Shrewsbury Schools Address Mental Health Issues 'More Than Others'

There is an increase in mental health issues among students.

Shrewsbury school officials are attempting to address problems such as anxiety and depression in a response to the significant increase in mental health issues among students, said the Boston Globe.

School Committee Chairwoman Erin Canzano told the Globe, “It became even more evident during this school year that children are dealing with more significant mental illnesses than ever before."

Since there are no state guidelines helping to define mental health for schools, Shrewsbury, and other districts, are finding a way to address it. An approach often used, reported the Globe, is the wraparound support approach, where professionals who get to know the schools can be called upon for support.
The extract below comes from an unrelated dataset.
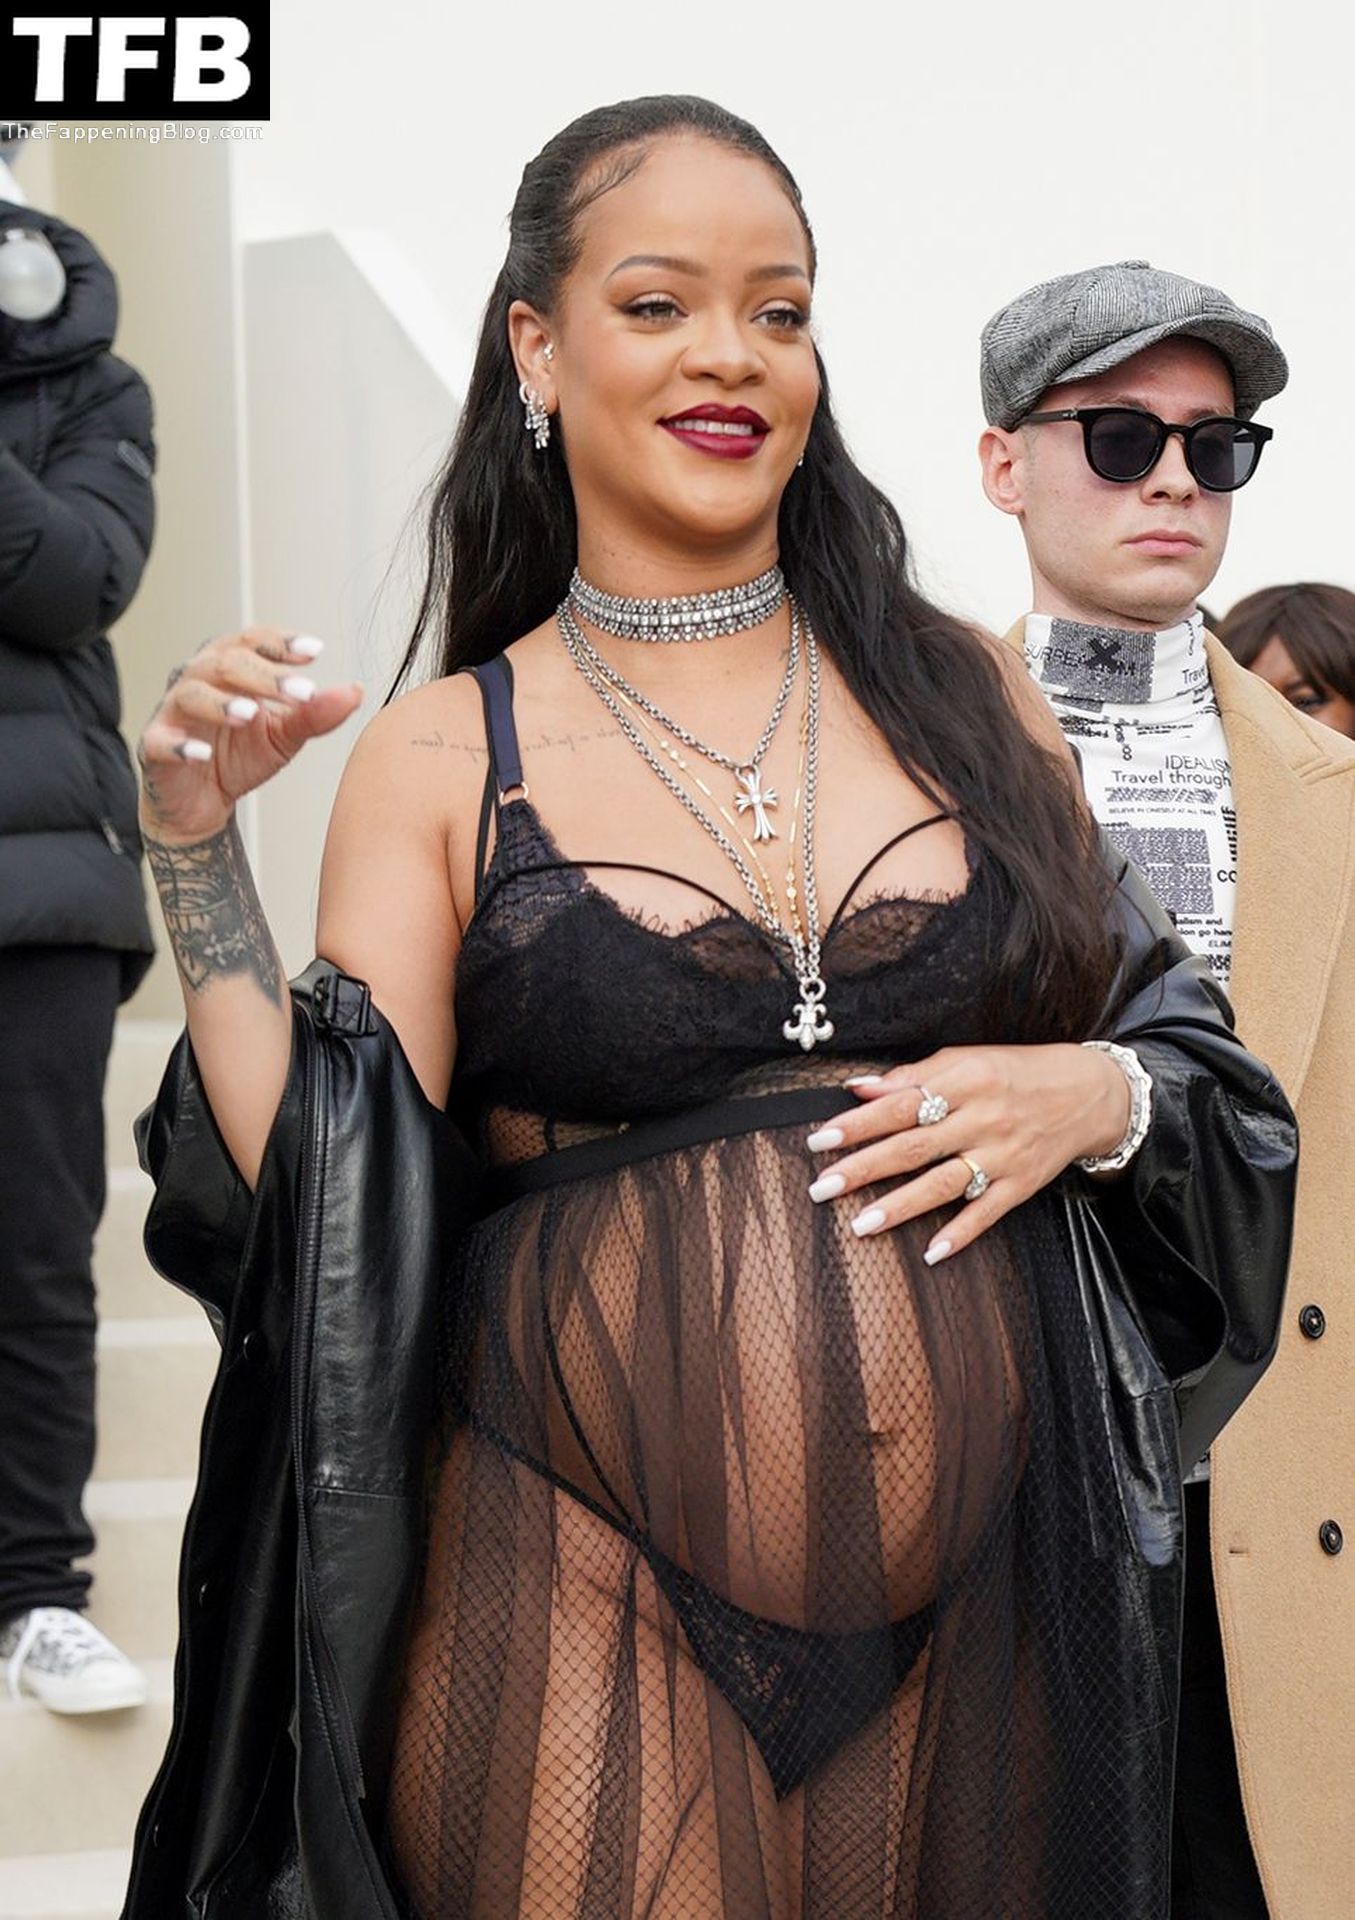 Rihanna-Sexy-The-Fappening-Blog-41-1.jpg

Though struggling with finances, Shrewsbury is reportedly "doing more than most" to address the mental health issues that arise. Melissa Maguire, director of special education and pupil personnel for Shrewsbury schools, told the Globe that the real increase in mental health issues started to show in 2010.
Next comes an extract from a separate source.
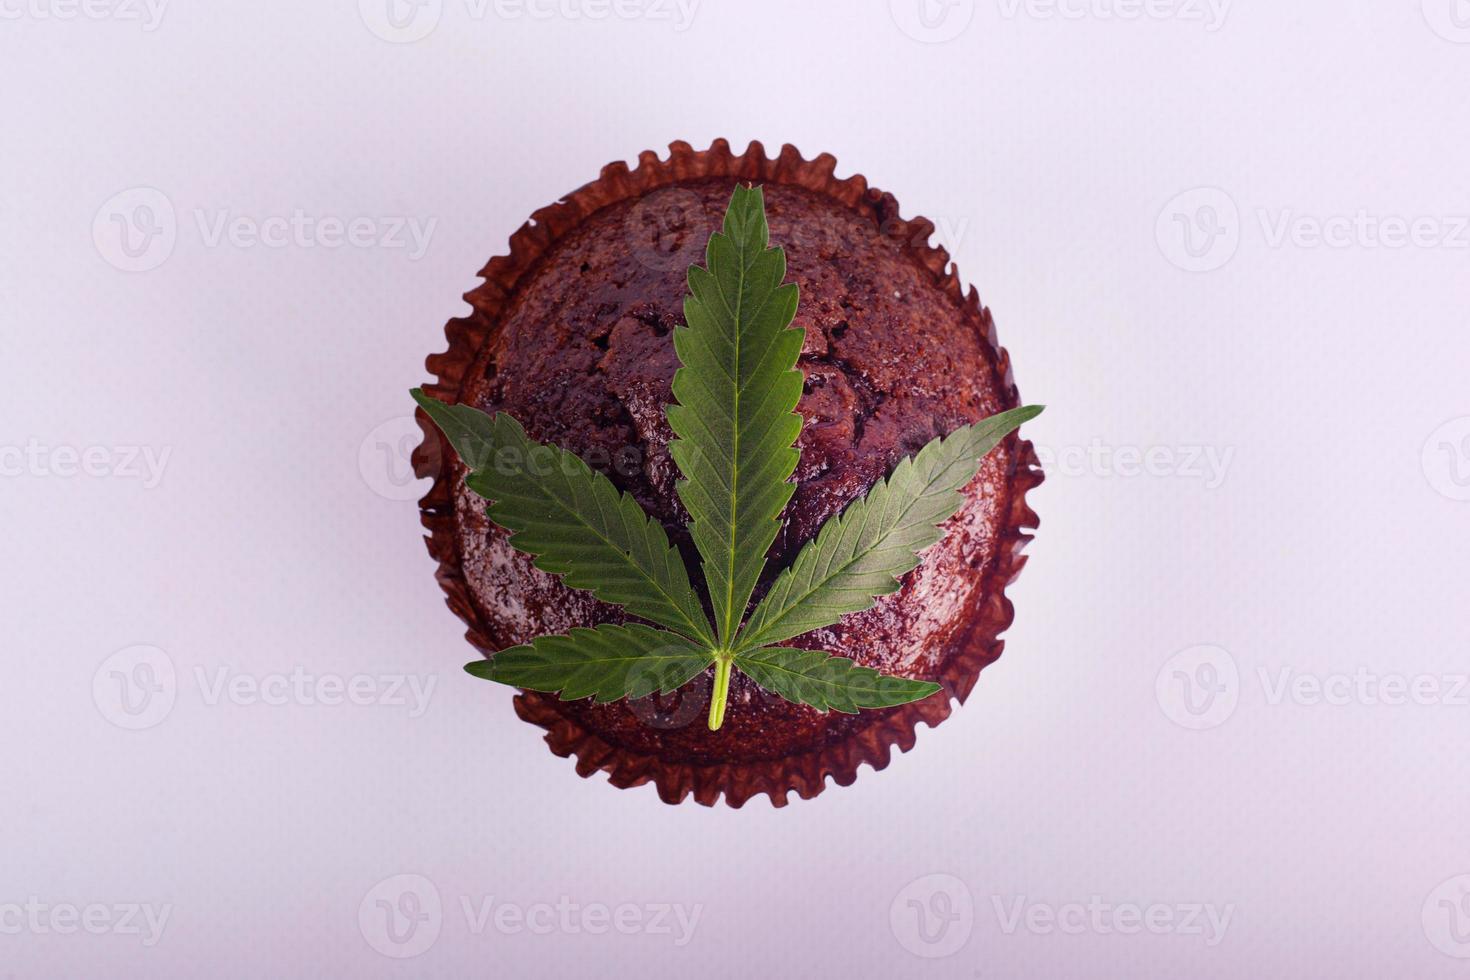 muffin de chocolate y hoja de marihuana verde foto

Yes, it is true that in general depression and anxiety is on the increase among teens across the US. I learned about these issues after attending a Mental Health Summit at Clark University this week. Another issue is the increase of teens abusing prescription drugs such as pain and stimulant medications. The City of Worcester received a grant to do research this area. Despite the statistics, parents needs to be educated on how to identify and refer their teens for counseling. Also, the Shrewsbury School District may want to look into getting funding for offering a free course to their staff called "Mental Health First Aid." The Worcester School District received funding to educate their school staff on how to provide comfort and to preserve life for teens and children having a mental health crisis. While the need for counseling is there for teens and children, the problem is the shortage of mental health professionals. Due to low pay and lack of adequate reimbursements for burdensome paperwork requirements, many clinicians like myself have our own private practices as opposed to working for area agencies.
Steve Whiz May 04, 2013 at 04:42 PM
Why should a public school 'address anxiety and depression'? While our hearts go out to any child with a problem, the role of public schools is to educate. Diagnosis and treatment of mental health issues is best addressed by medical professionals.